Do you remember the first time you accomplished one of your biggest dreams? Was it the first time you brought home an A on your report card or Aced an exam you studied weeks for? Was it the day you made the varsity basketball team or the night you performed your first solo in your company’s dance recital? Was it the moment you opened your acceptance letter to your favorite college or the moment you received your diploma from said college? What was your moment? Moreover, what was your initial dream?

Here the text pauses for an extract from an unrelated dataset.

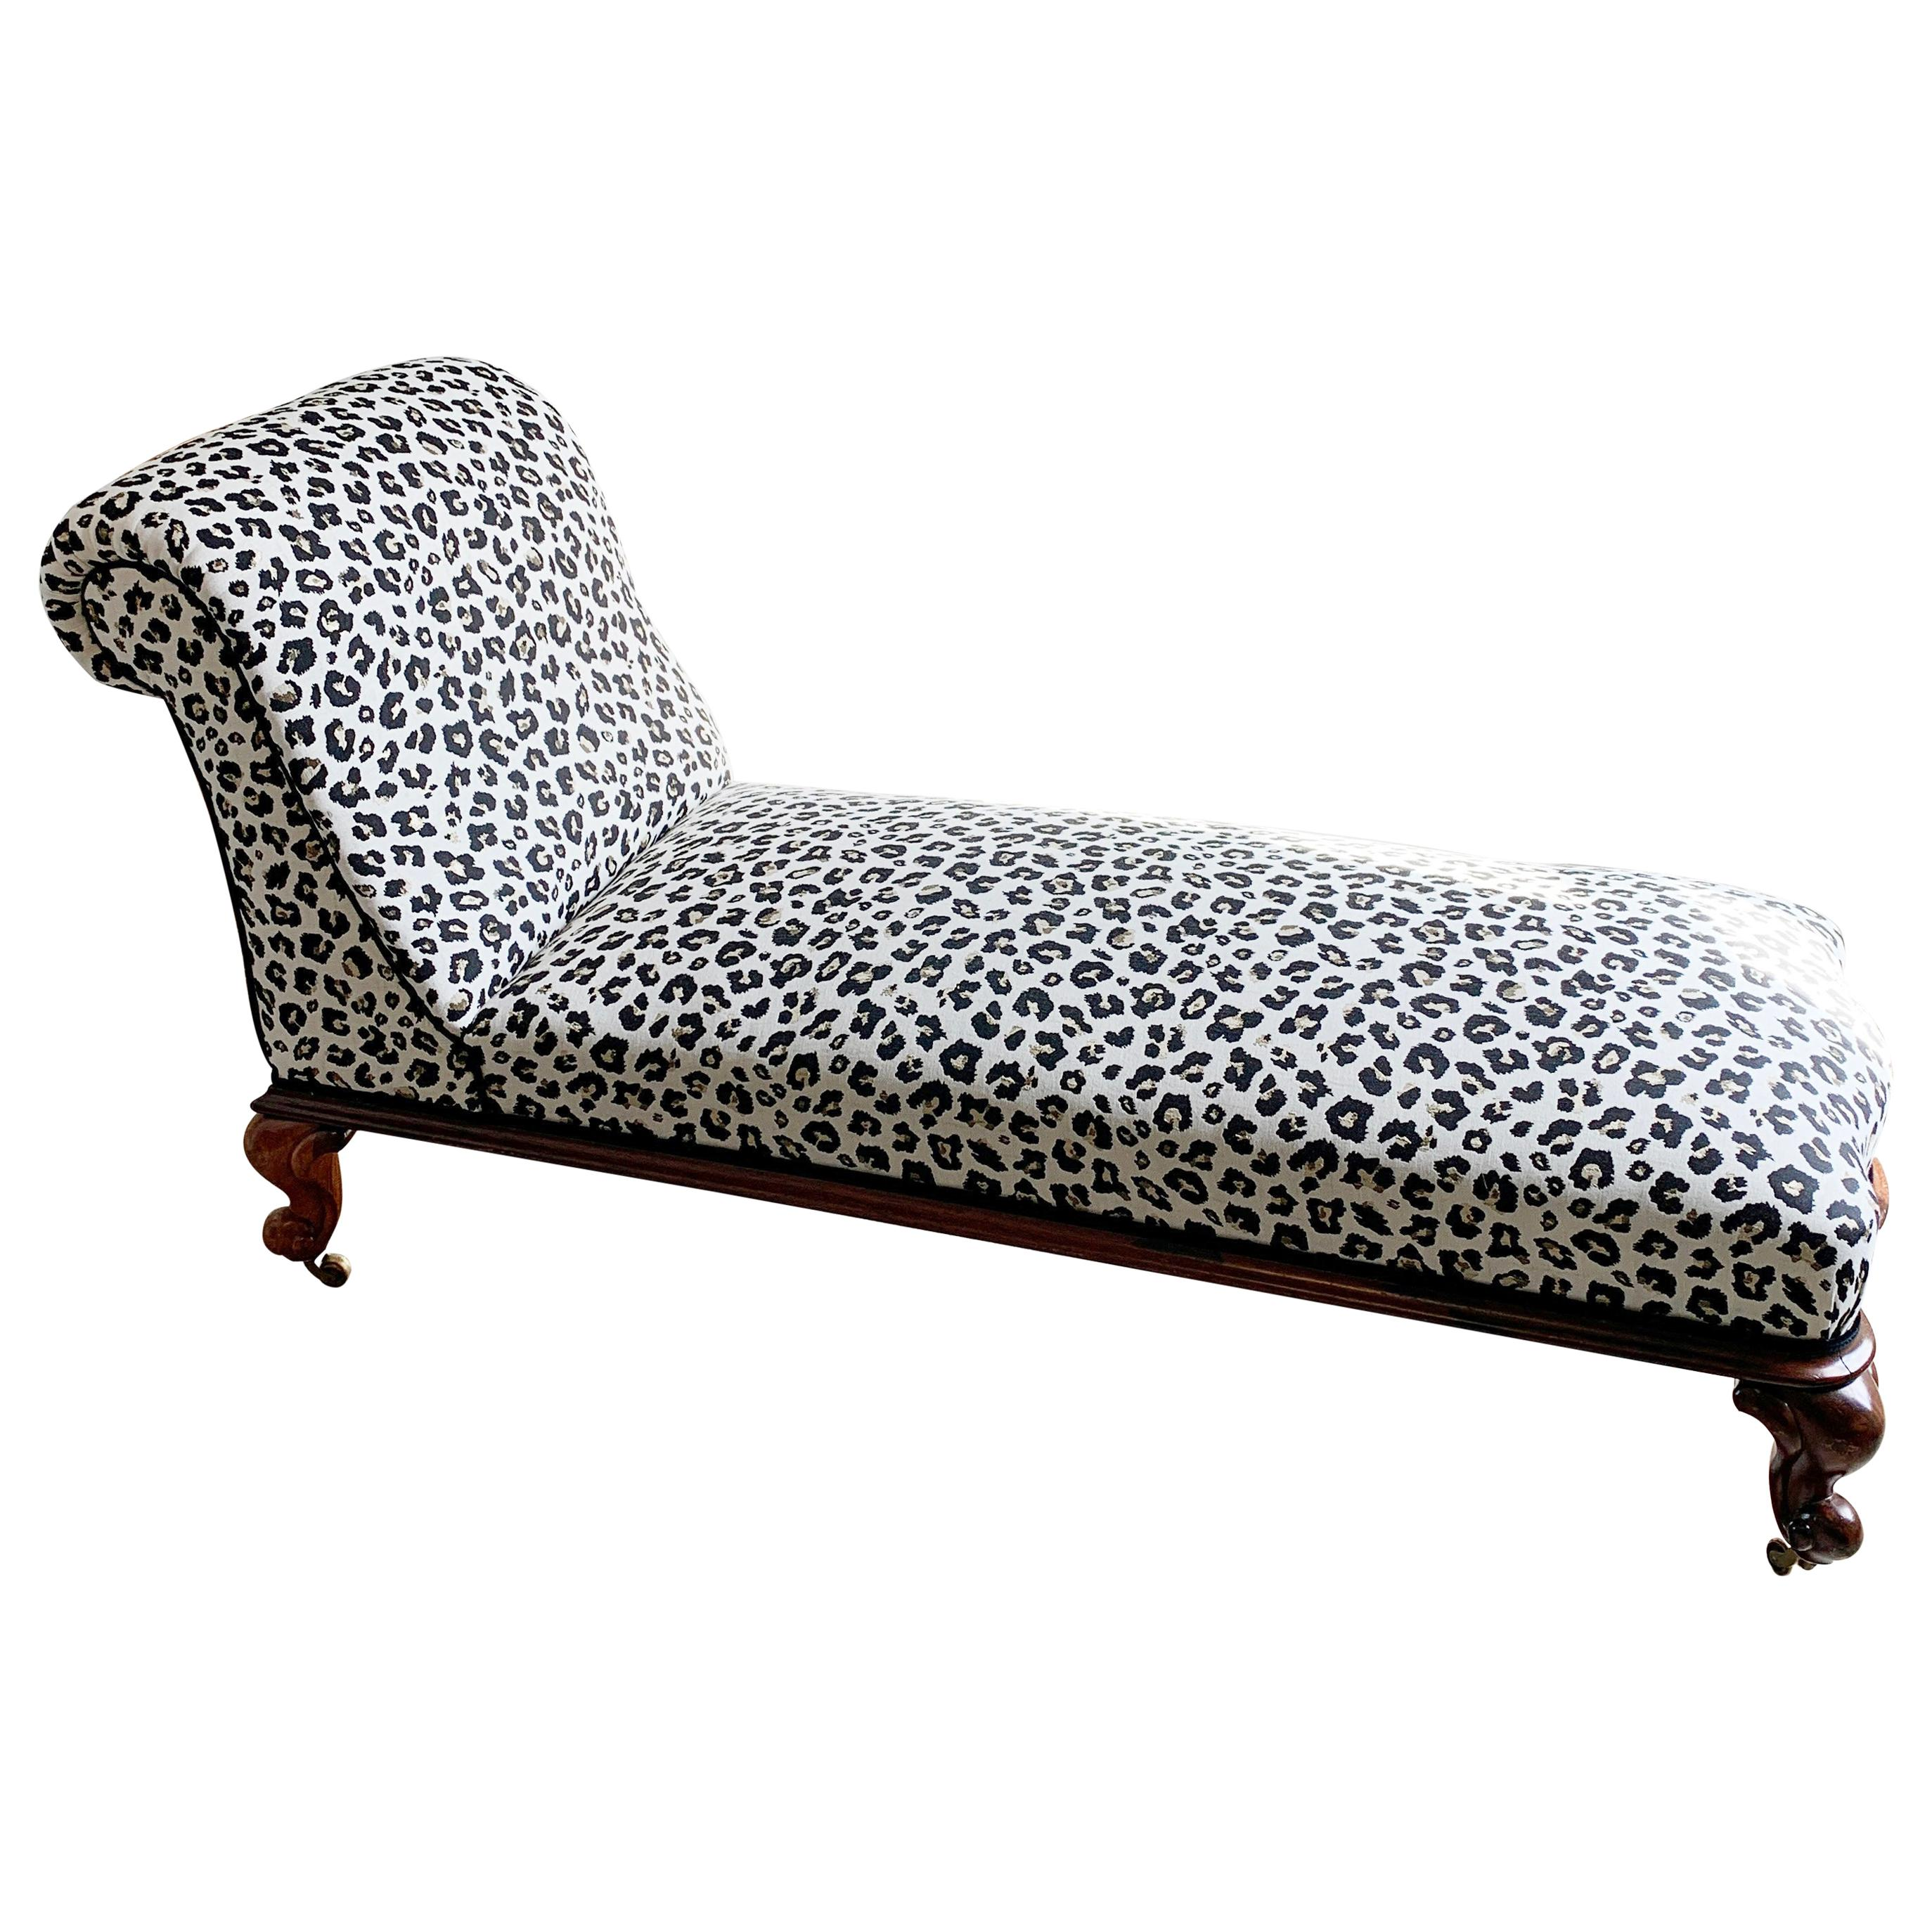 Antique Victorian Chaise Longue in Woven Leopard Jacquard

Once you have that moment and that dream in your mind…ask yourself how did that moment make you feel: were you speechless, were you elated, were you ‘in Heaven’? My teammate Sandra explained her moment to me; it was the moment she completed decorating her hardest cake yet and knew in an instant it was what she wanting to do for a living. After all the planning, preparation, careful detailing and tears she put into making that cake [her tears were not literally in the cake] she stepped back and saw her craftsmanship in the delicate icing and felt an expression capture her entire soul. She called it, “The expression of extreme joy.”
Now, I truly believe that every human is meant to feel this expression of extreme joy at least once in their life—in fact I believe that we should feel it more than just once. However, I don’t think we could every feel such a deep bliss without having the trials, the errors, the tears, the little victories and the passion and ambition to keep fighting for that moment when our dream is reached. But in order to fight for a dream you have to dream it first.
Out of everything that has happened to me this month, out of all of the firsts I have experienced: preaching my first sermon [not just on this race, but in my life], attempting ‘Insanity’ (an intense cardio, muscular and endurance workout regimen) for the first time and truly enjoying it), playing the mandolin for the first time [it made me feel on top of the world], and learning I have the gift of intercession (the special ability that God gives to pray for extended periods of time on a regular basis and see frequent and specific answers to prayer to a degree much greater than that of the average follower of Christ)—the one thought that has dominated them all is the magnitude of dreams; not just there enormity but the importance of having them.
Six months ago in Bolivia God asked me to dream again, and not just small dreams, but my biggest dreams I had as a child and the deep dreams I have now as an adult. Since then I have been asking myself, “What were my childhood dreams? What are my unfathomable dreams now?” This month, for the first time, I was truly able to write those dreams down and with them written down I was able to see how not just one dream, but every dream intertwined with another. I realized that each one of my dreams was a vital part of God’s magnificent puzzle for my life and without them, my puzzle will never be completed.
Whether you realize it or not, you have a puzzle, of sorts, to be complete too. I use the word ‘puzzle’ as an analogy. God wants you to dream and give your biggest and most unfathomable dreams to Him because when you do He can help you achieve them. No dream is too big for God, He created us to dream and longs for us to dream because in our endeavor to achieve our dreams His glory can be seen. That is when the expression of extreme joy will happen; when your dream glorifies God. And even if at the end of our lives we realize we did not reach one of our dreams, we will know that in God’s eyes the best part of our dream was the journey we took with Him to reach it.